As far as wood I have only been down there once this year and it was in the middle of the afternoon on a Saturday and there was no Wood there. That does not mean they still dont drop though


----------



## Header (Apr 14, 2004)

There use to be firewood there and at K. In my opinion I believe the locals have taken adantage of the piles of free slab wood, taking it cut it up and selling it to the campers. I may be wrong but what they are selling is cut up slab wood.


----------



## maggot (Apr 12, 2008)

Header said:


> There use to be firewood there and at K. In my opinion I believe the locals have taken adantage of the piles of free slab wood, taking it cut it up and selling it to the campers.

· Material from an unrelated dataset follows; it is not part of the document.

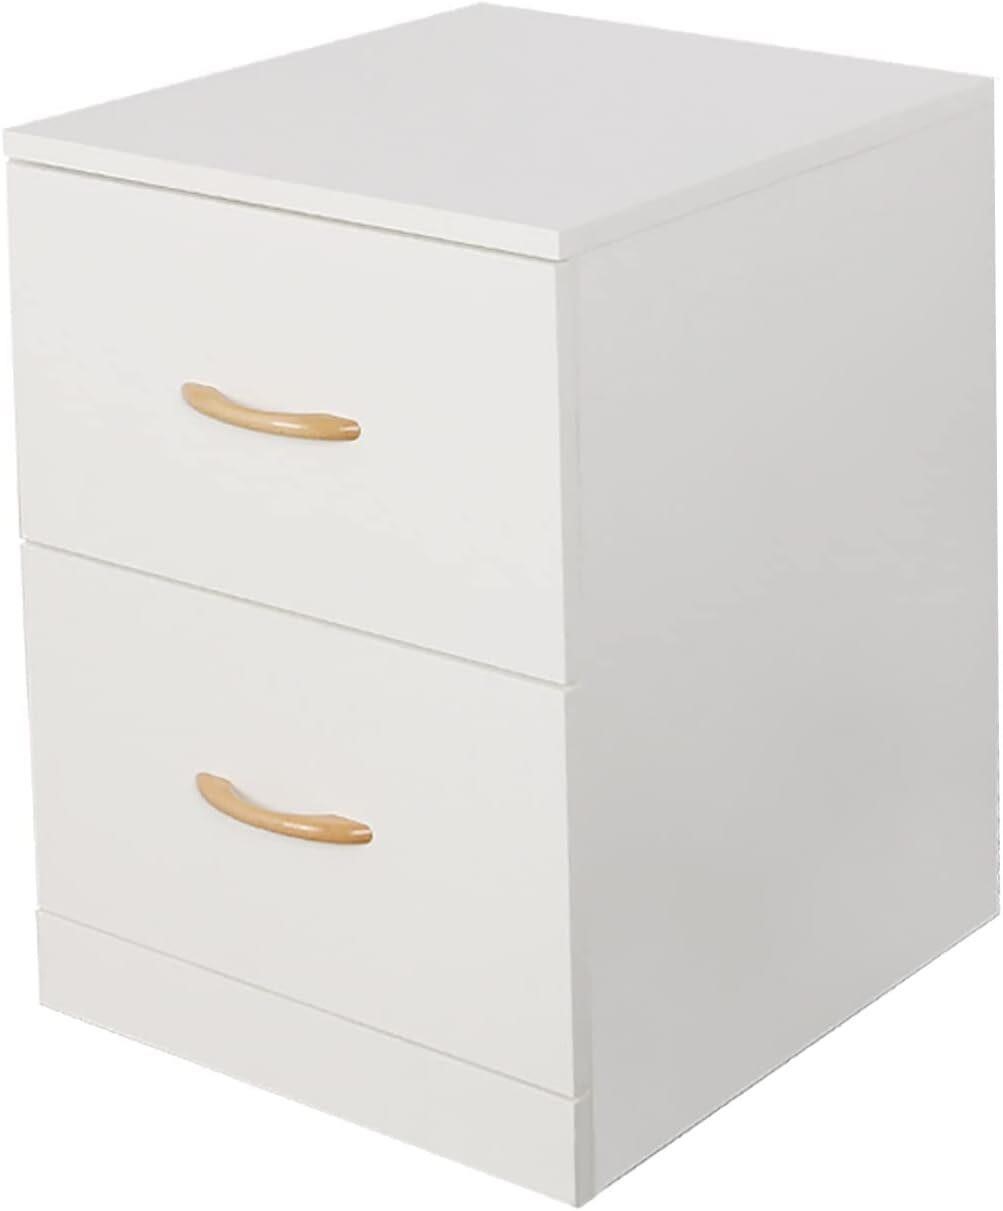 Nightstand with 2 Drawers  Bedside Table Small Dre

I may be wrong but what they are selling is cut up slab wood.


You are mistaken. The wood that is sold is not stolen from the campsites. It is purchased from local sawmills in the form of slabs then it is cut into lengths and sold. If you wish to purchase uncut slabs you can and cut them up yourself if you have a chainsaw. The Quick Exchange has plenty of wood for sale that was bought from area sawmills.


----------



## OHBassCrazy (May 10, 2010)

Every year this weekend myself and a few buddies take our annual AEP fishing trip. We enjoy hiking back to and fish several of the ponds. We are heading there on Thursday as well! We fish from canoes and float tubes...We are catch and release group...We love finding ponds with big bass and gills on the flyrod......We've not been into any BIG gills for a couple of trips..but we know they are there for sure!

AEP is one of my most favorite places in all Ohio to fish for sure!


----------



## Mykidsr1 (Mar 19, 2009)

Shhhhhh........There are no fish and those ponds and it is supposed to snow this weekend.

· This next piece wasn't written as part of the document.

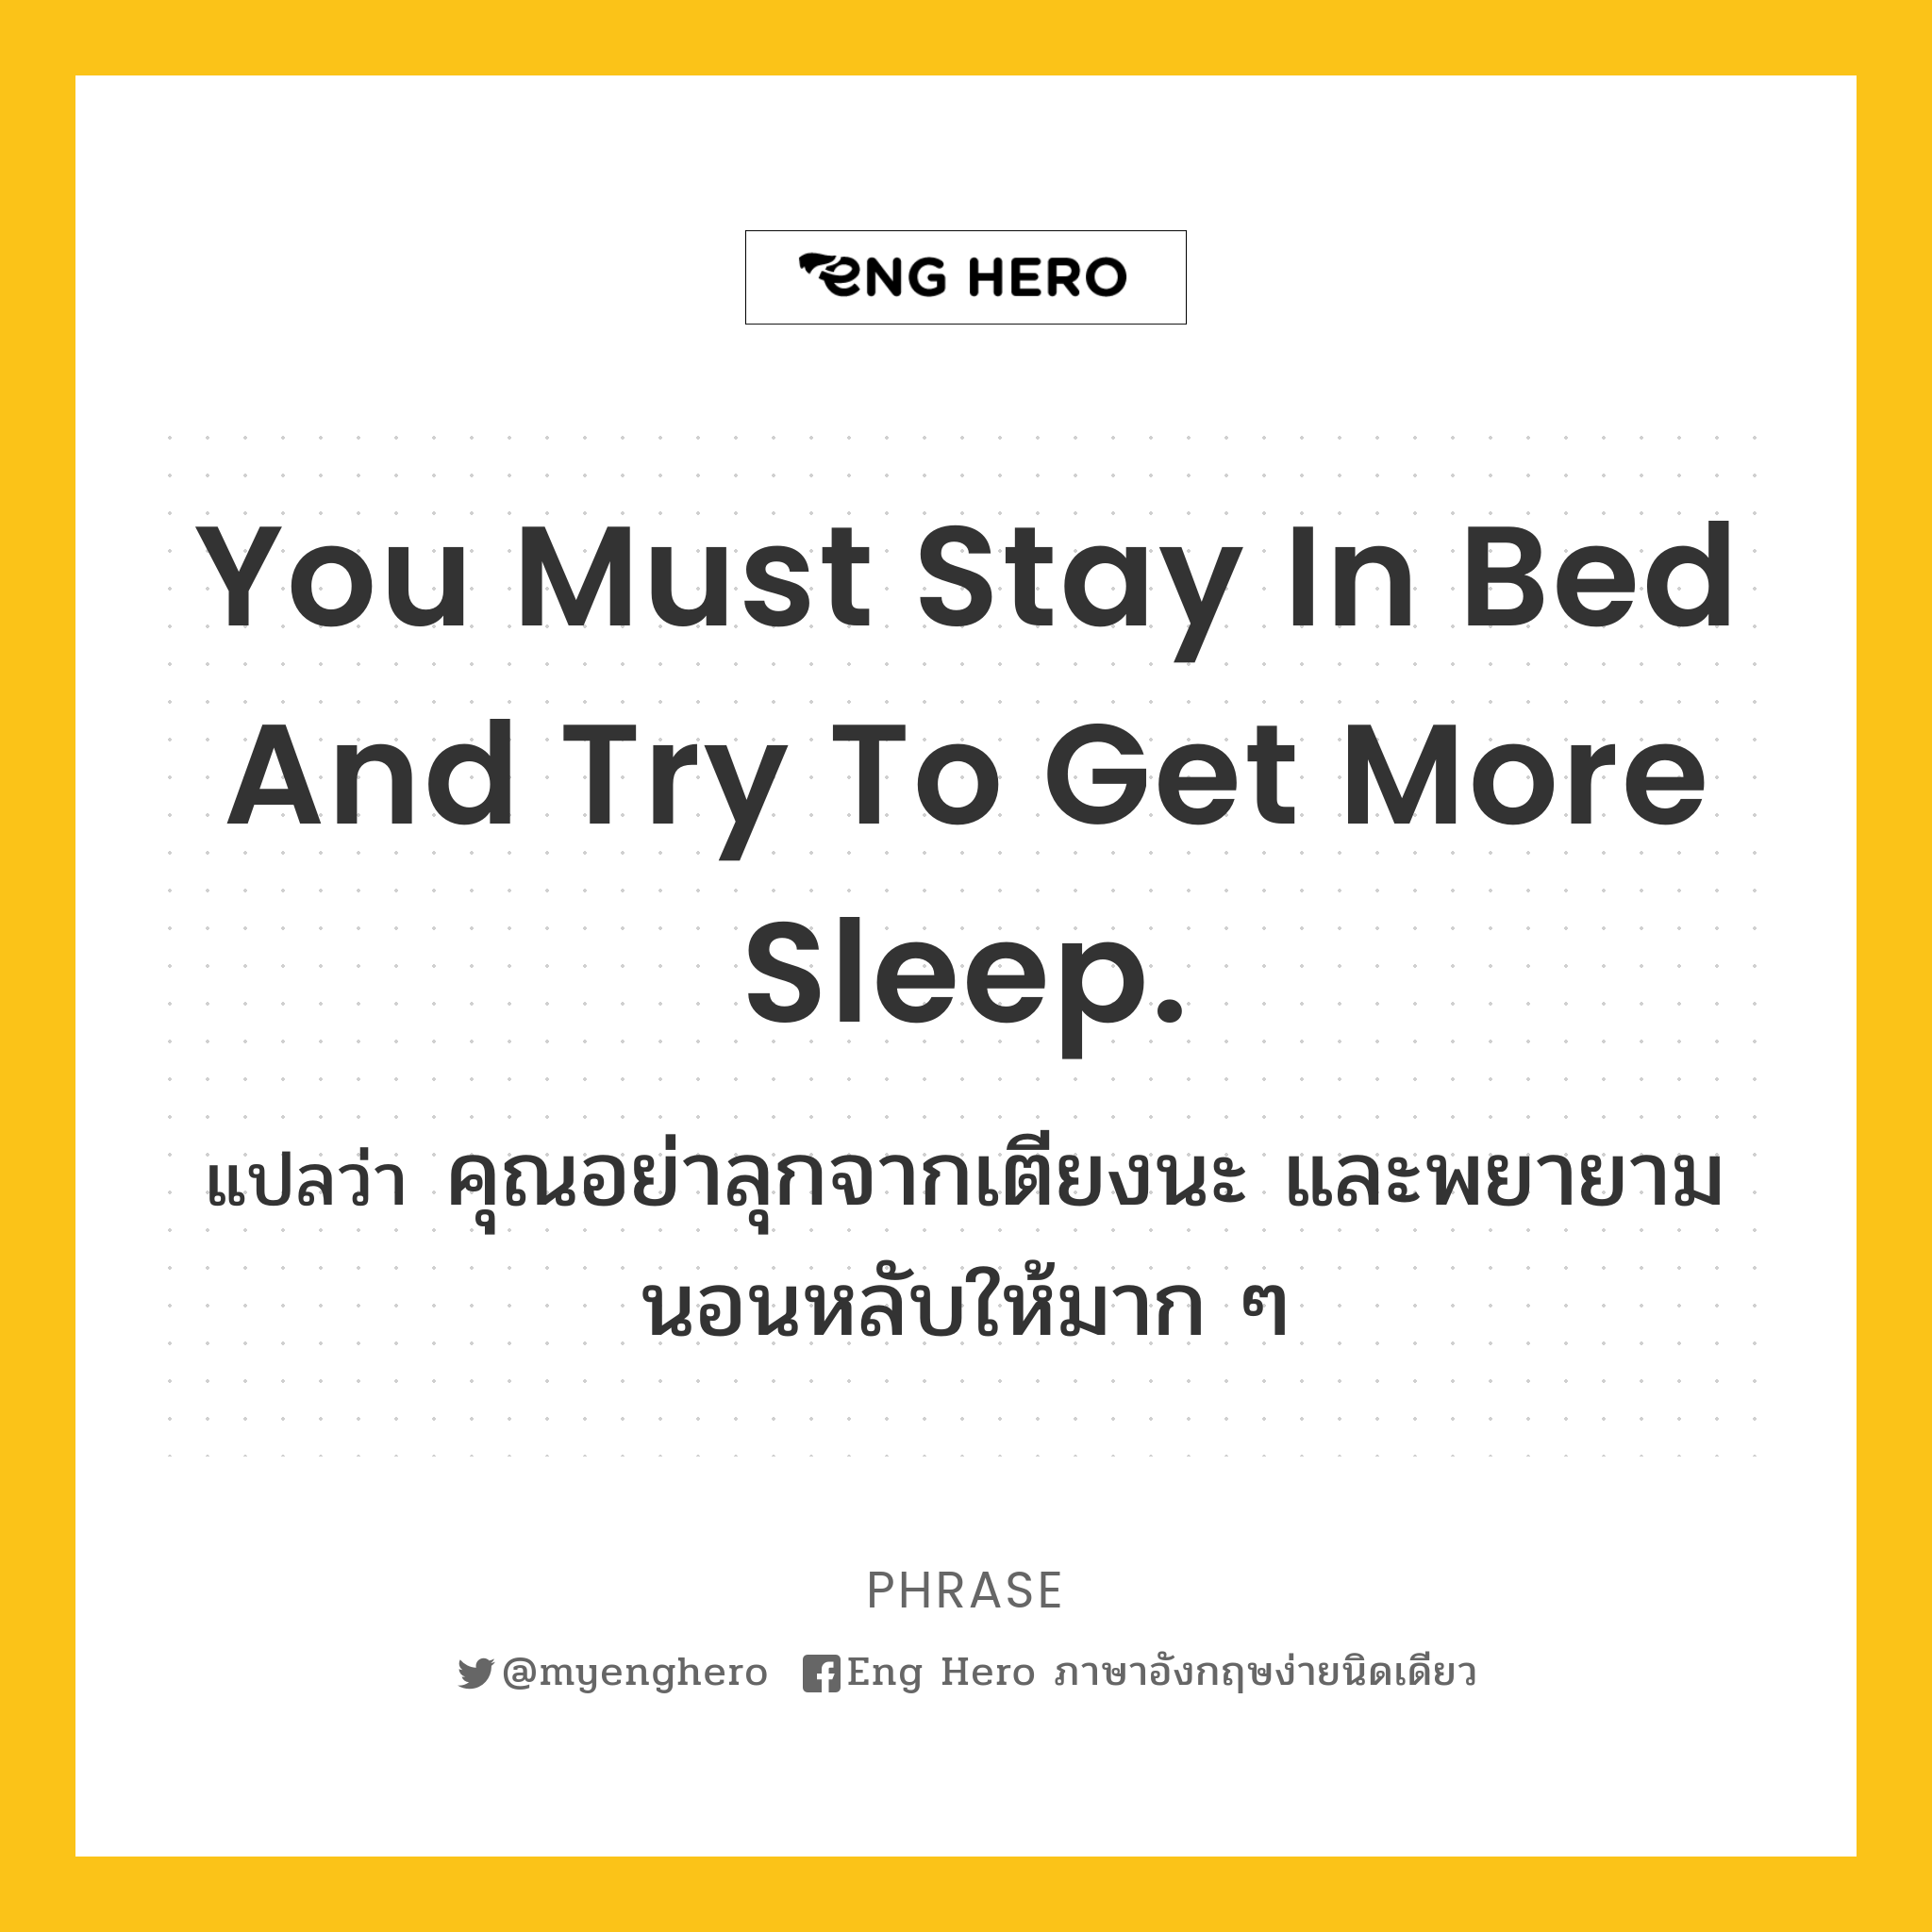 You must stay in bed and try to get more sleep.

Also all campsites are closed through the 16th of May.


----------



## FishJunky (May 20, 2004)

I'll be in a Red Ford Ranger with a fitted cap. If you see me at K come on over.


----------



## FishJunky (May 20, 2004)

Thats the best burning wood around Maggot! I love coming up there and getting my wood and a sandwich! Hope to see you.


----------



## Header (Apr 14, 2004)

Well Maggot thanks for setting the record straight, I see you are from Beautiful Downtown Reinersville but it did look like that way and since the piles are no longer there, I did hear that from people who are there more than me.


----------



## thedon255 (May 4, 2008)

I'm hoping to be there this weekend, probably a half day Saturday and all of Sunday. Maybe I'll finally get that pig I've been looking for this spring.


----------



## fish breath (May 22, 2010)

I was just at camp site k and d there is firewood there. As far as beging beautiful downtown reinersville. I guess someone is blind don't they see the house that people live in that should have been taken down along time ago.


----------



## maggot (Apr 12, 2008)

fish breath said:


> I was just at camp site k and d there is firewood there. As far as beging beautiful downtown reinersville. I guess someone is blind don't they see the house that people live in that should have been taken down along time ago.

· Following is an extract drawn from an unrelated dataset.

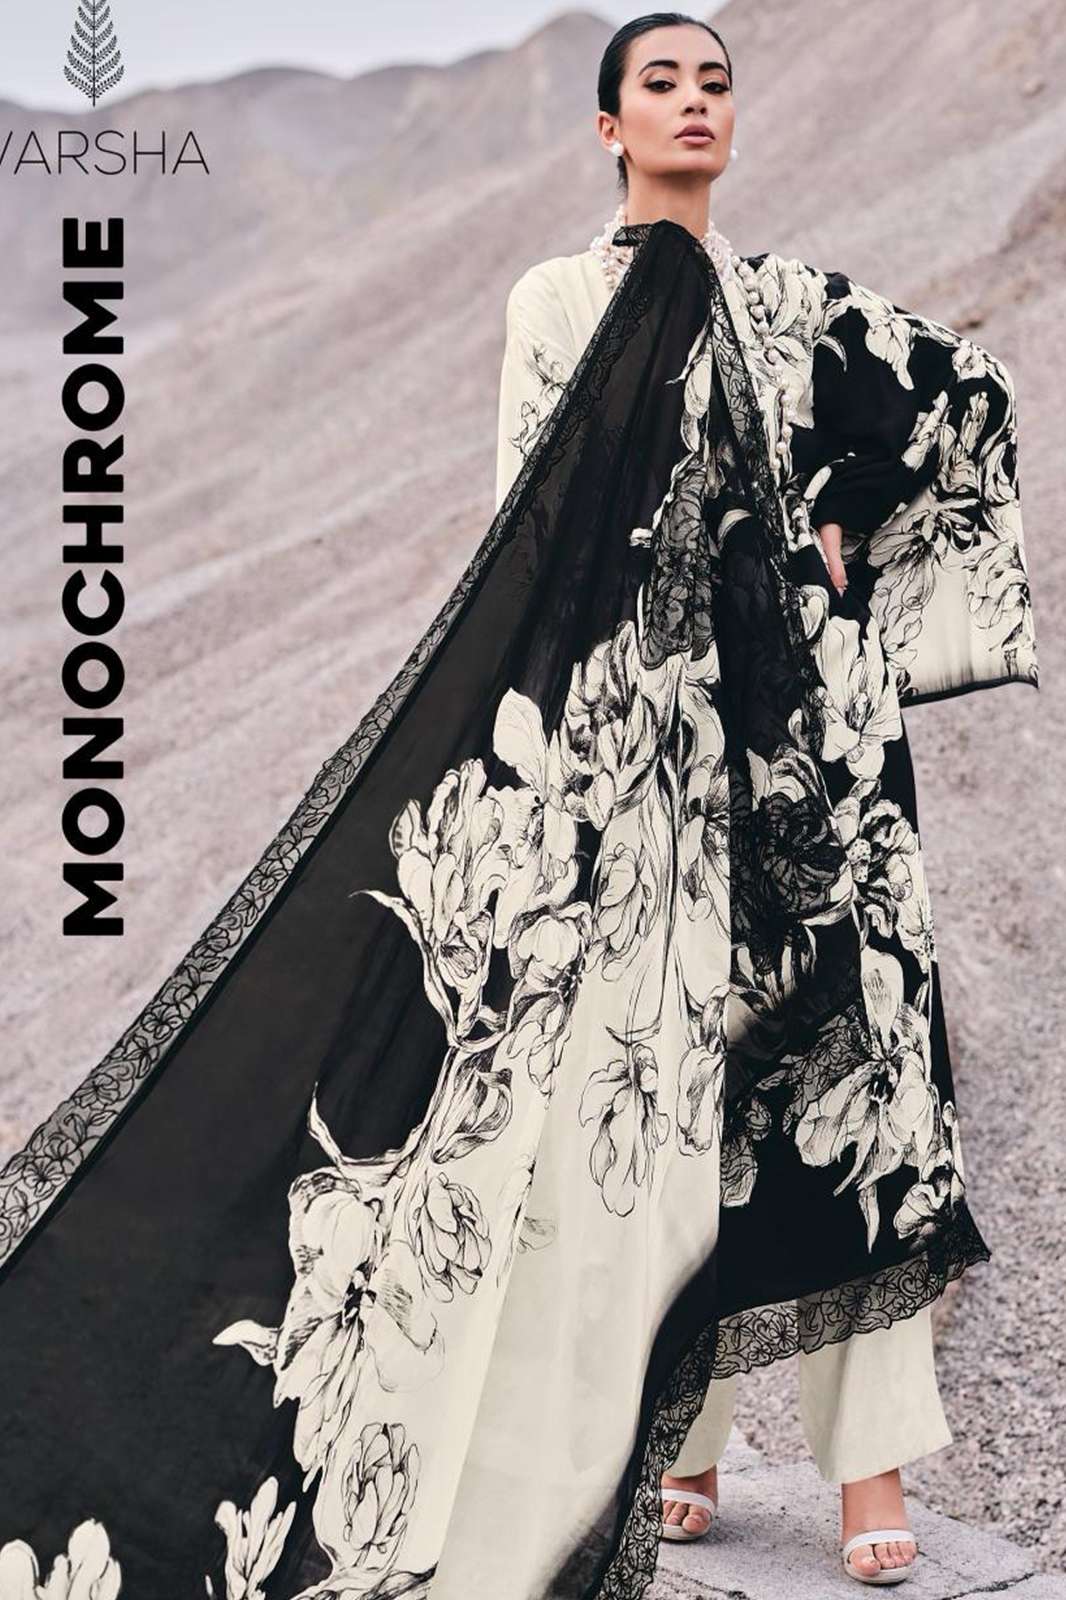  VARSHA MONOCHROME VISCOSE MUSLIN DIGITALLY PRINTED WITH HANDWORK AND EMBROIDERY LACES SUIT

For your info...I live in that house you speak of! I love it! Next time your in Reinersville stop over and I'll take you on a tour of the basement.


----------



## fish breath (May 22, 2010)

u live in the house I speak of. I dont' think so. I do know who lives there and it is not u. as for taking a tour in the basement there isn't one.


----------



## maggot (Apr 12, 2008)

fish breath said:


> u live in the house I speak of. I dont' think so. I do know who lives there and it is not u. as for taking a tour in the basement there isn't one.


You ain't thinkin right!


----------